Dr Godwin Uyi Ojo is ERA executive director. He told Alltimepost during the Camp Meeting that ERA has since 2018 trained over 6,000 youth on developing business models on renewable energy entrepreneurship, repair and installation of solar gadgets and the fabrication of clean energy saving cook stoves. Not only that, Dr Ojo said that it has also trained 300 secondary school teachers and produced environmental education and renewable energy manual that is being deployed for training in the over 60 renewable energy school clubs set up across the four states – Edo, Delta, Bayelsa and Rivers States.

‘Youths are mostly impacted by environmental degradation especially those from fence-line communities where extractive activities are frequent. They suffer from loss of livelihoods, poverty, disorientation and fear of a bleak future’, Dr. Ojo said during the meet.

From over the seas, Sandra Skiaker of the Operation Day’s Work, ODW, Norway’s largest solidarity campaign for youth urged Nigerian youth at the Camp Meeting to use the opportunity to build networks ‘to make bigger and better operations’.

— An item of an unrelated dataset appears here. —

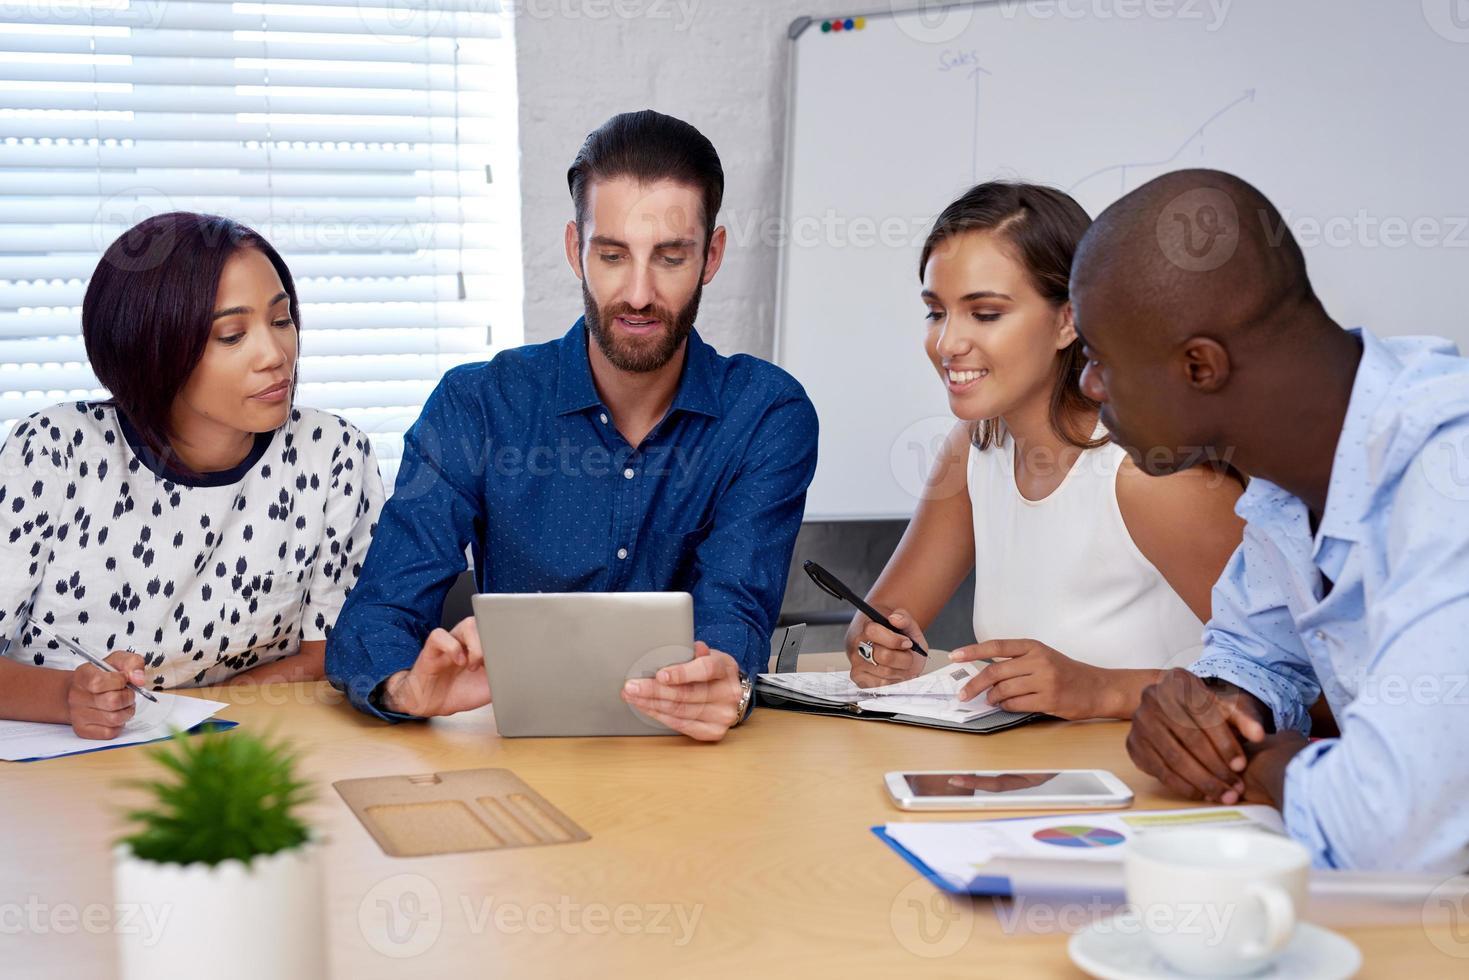 reunião multirracial da equipe de negócios foto

Two things have made this year’s camp meeting for youth ‘incredibly significant’ –  one, it has taken place against the backdrop of the global celebration  of the annual international Youth Day, which seeks to draw attention to attention to issues important to young people. Second, it took into consideration the UN SDG Goal numbers 5 (gender equality) 10 (reduced inequality). To achieve these, ERA included physically challenged boys and girls – the deaf and lame – and divided them all into three training ‘outputs’ – school education, Youth organizing: Environmental Monitoring and Waste Management and Youth Entrepreneurs and Renewable Energy.

Part of what made ‘Output 1’ nearly an unforgettable experience for most of the participants was with the experience sharing session facilitated by members of the deaf.  Aliu Mustapha, 22 and Kadiri Jennifer, 17, of the Edo State Deaf Association, together with their colleagues successfully put  other participants through a course in braille, resulting in a conducive learning environment that made an interaction on the environment almost seamless and fun. For others like Young Promise, 20, a Deltan seeking to be environmental entrepreneur, the sessions with the resource persons was a boost to his plan to set up shop as a solar photovoltaic entrepreneur.

Organisers said that they believe that the camp meeting on the environment for youth has massive opportunities – opportunities that Inerepano David and Emmanuel Leton, both undergraduates in universities in the Niger Delta  said that they had been looking for.  According to Inerepano, ‘After I listened to Mr Ibrahim Muhammad Shamsuddin and Mr Morris Alagoa, I’ve come to learn that renewable energy is way safer, economical and healthier for the environment and for everyone’.

Mr Anthony Azubuike, director/clerk, Senate committee  on Ecology and Climate Change at the National Assembly said during the meet that there are expectations that a Bill to establish  the Renewable Energy Council, which has passed through second reading at the National Assembly would be passed into law soon. ‘When passed, the Bill will address research, development, financing, regulation, revenue generation for clean energy’, Mr Azubuike said.

At that, ERA’s mission of youth empowerment, education and youth involvement in energy transition would be counted as a critical building block towards ending gas flaring and pollution in the Niger Delta.